— INSTRUCTIONS FOR THE TASK —
Copy exactly. Include the line containing "Eyelink Conveyor Belts", every line after it, and the last line below, but no pictures.

— DATA BLOCK —
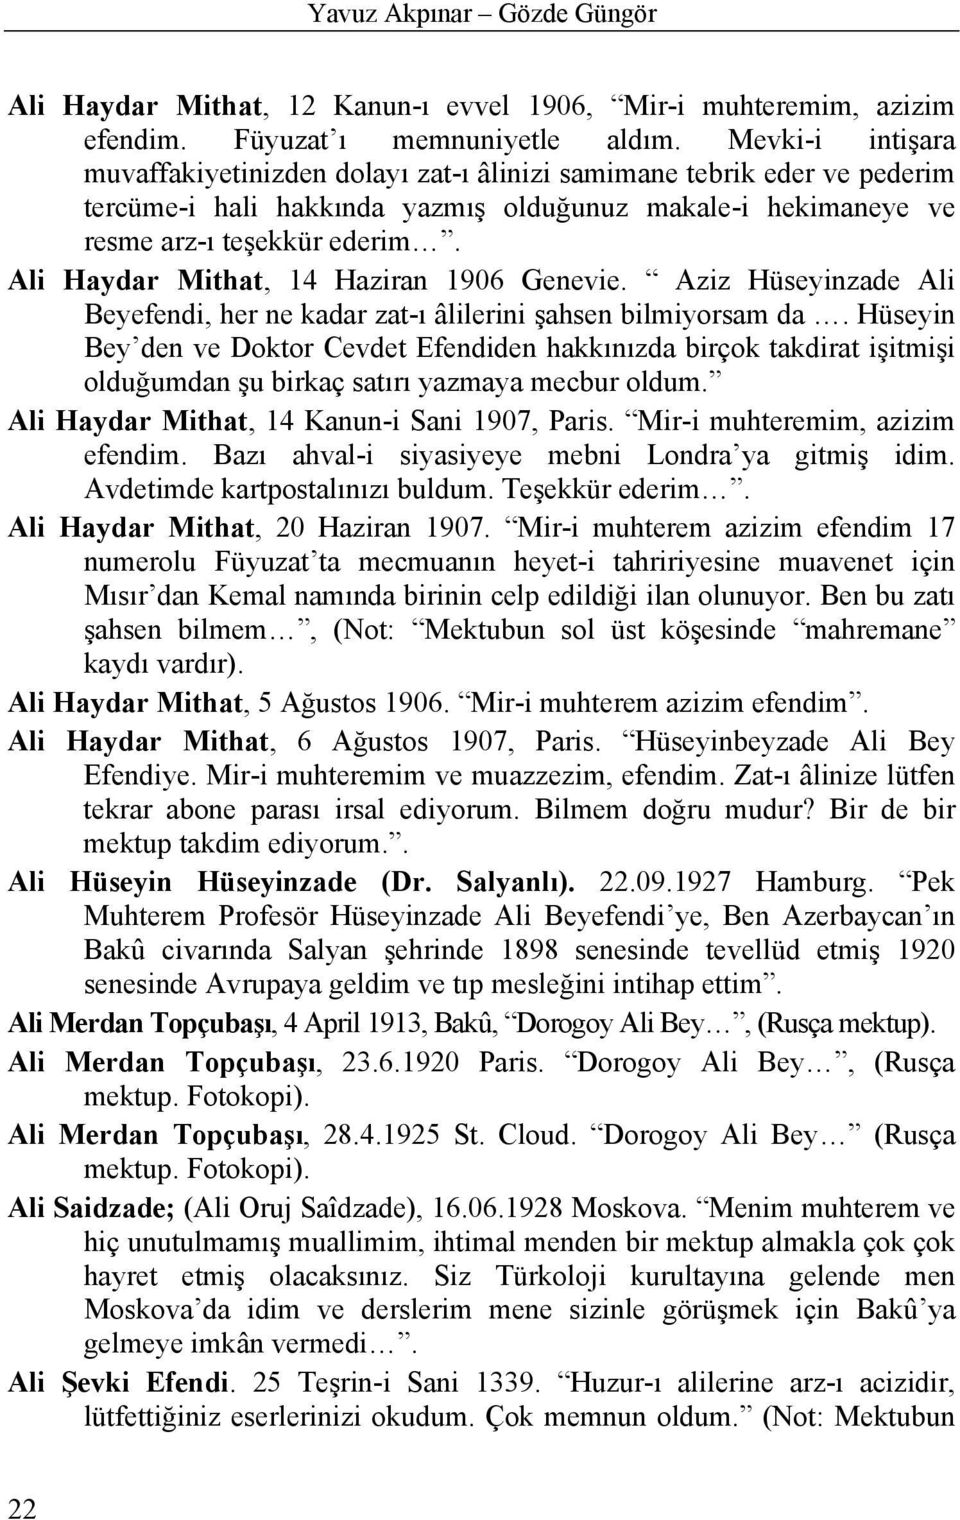 Ali Haydar Mithat, 14 Haziran 1906 Genevie. Aziz Hüseyinzade Ali Beyefendi, her ne kadar zat-ı âlilerini şahsen bilmiyorsam da.
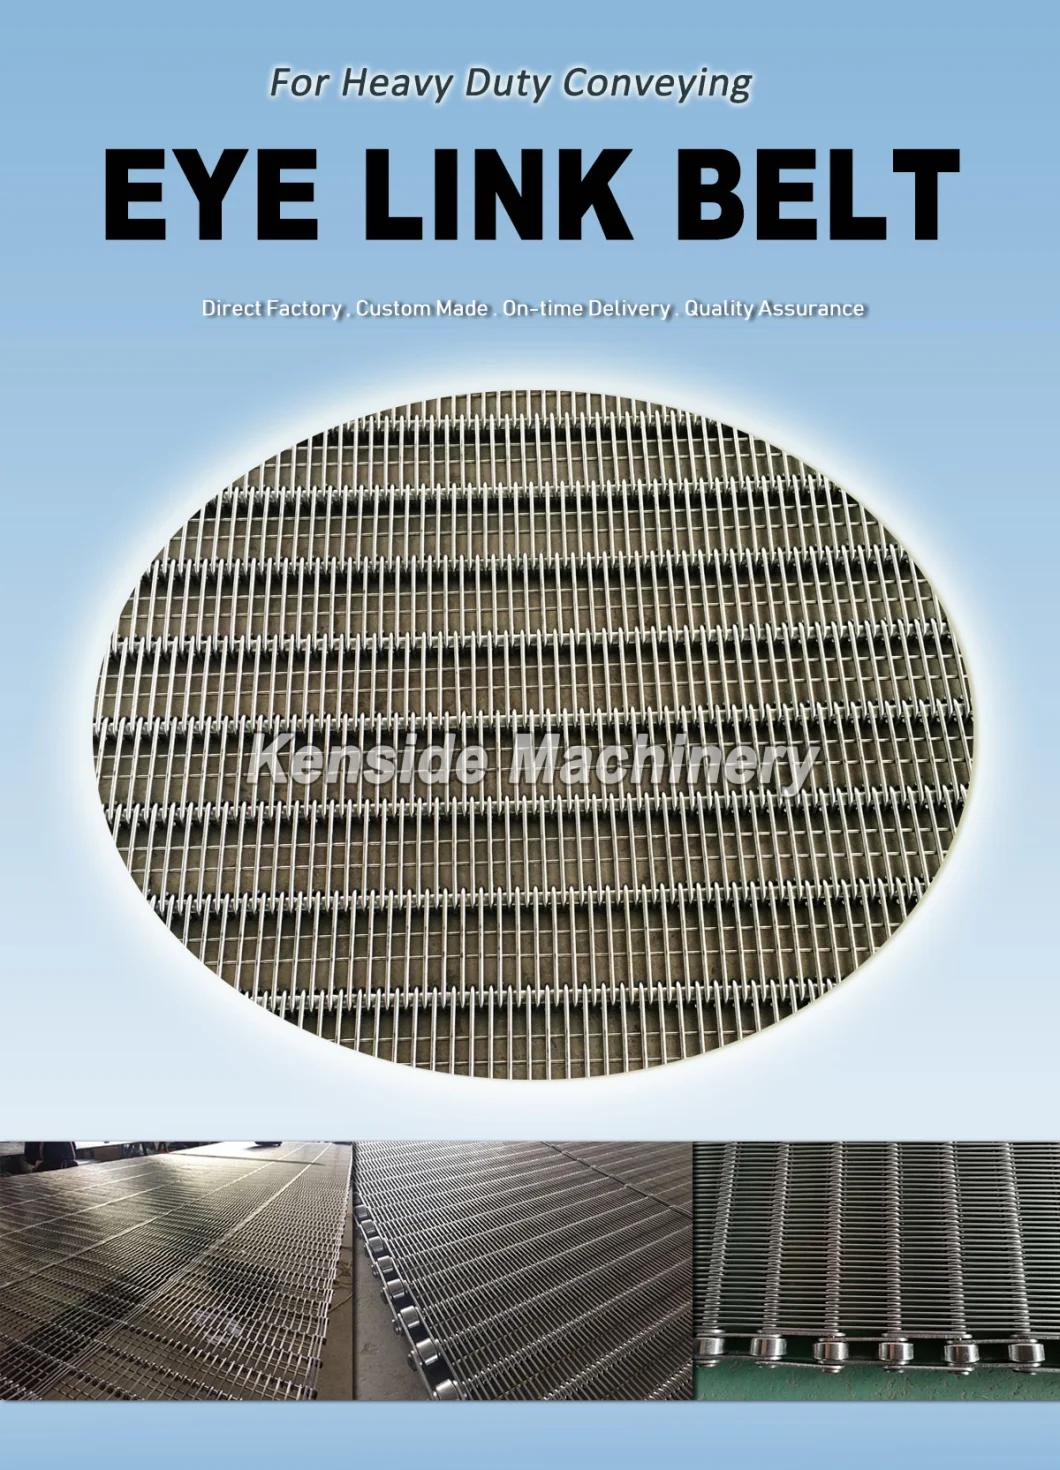 Eyelink Conveyor Belts for Food Manufacturing
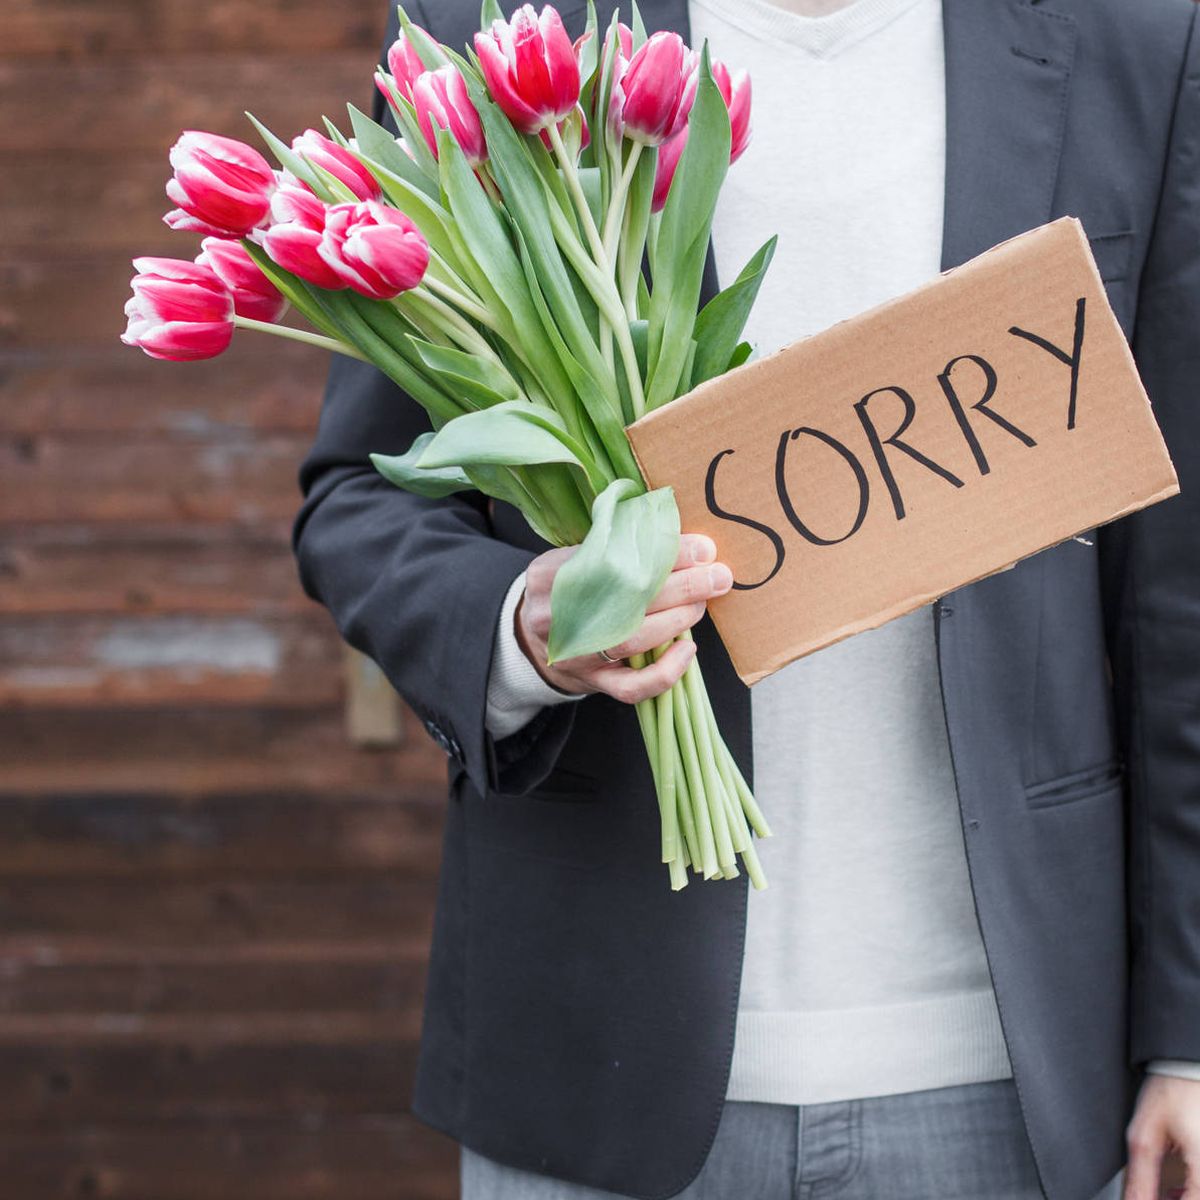 El arte de disculparse: así puedes pedir perdón y quedar como un caballero

— OUTPUT BELOW —
 Eyelink Conveyor Belts for Food Manufacturing
 El arte de disculparse: así puedes pedir perdón y quedar como un caballero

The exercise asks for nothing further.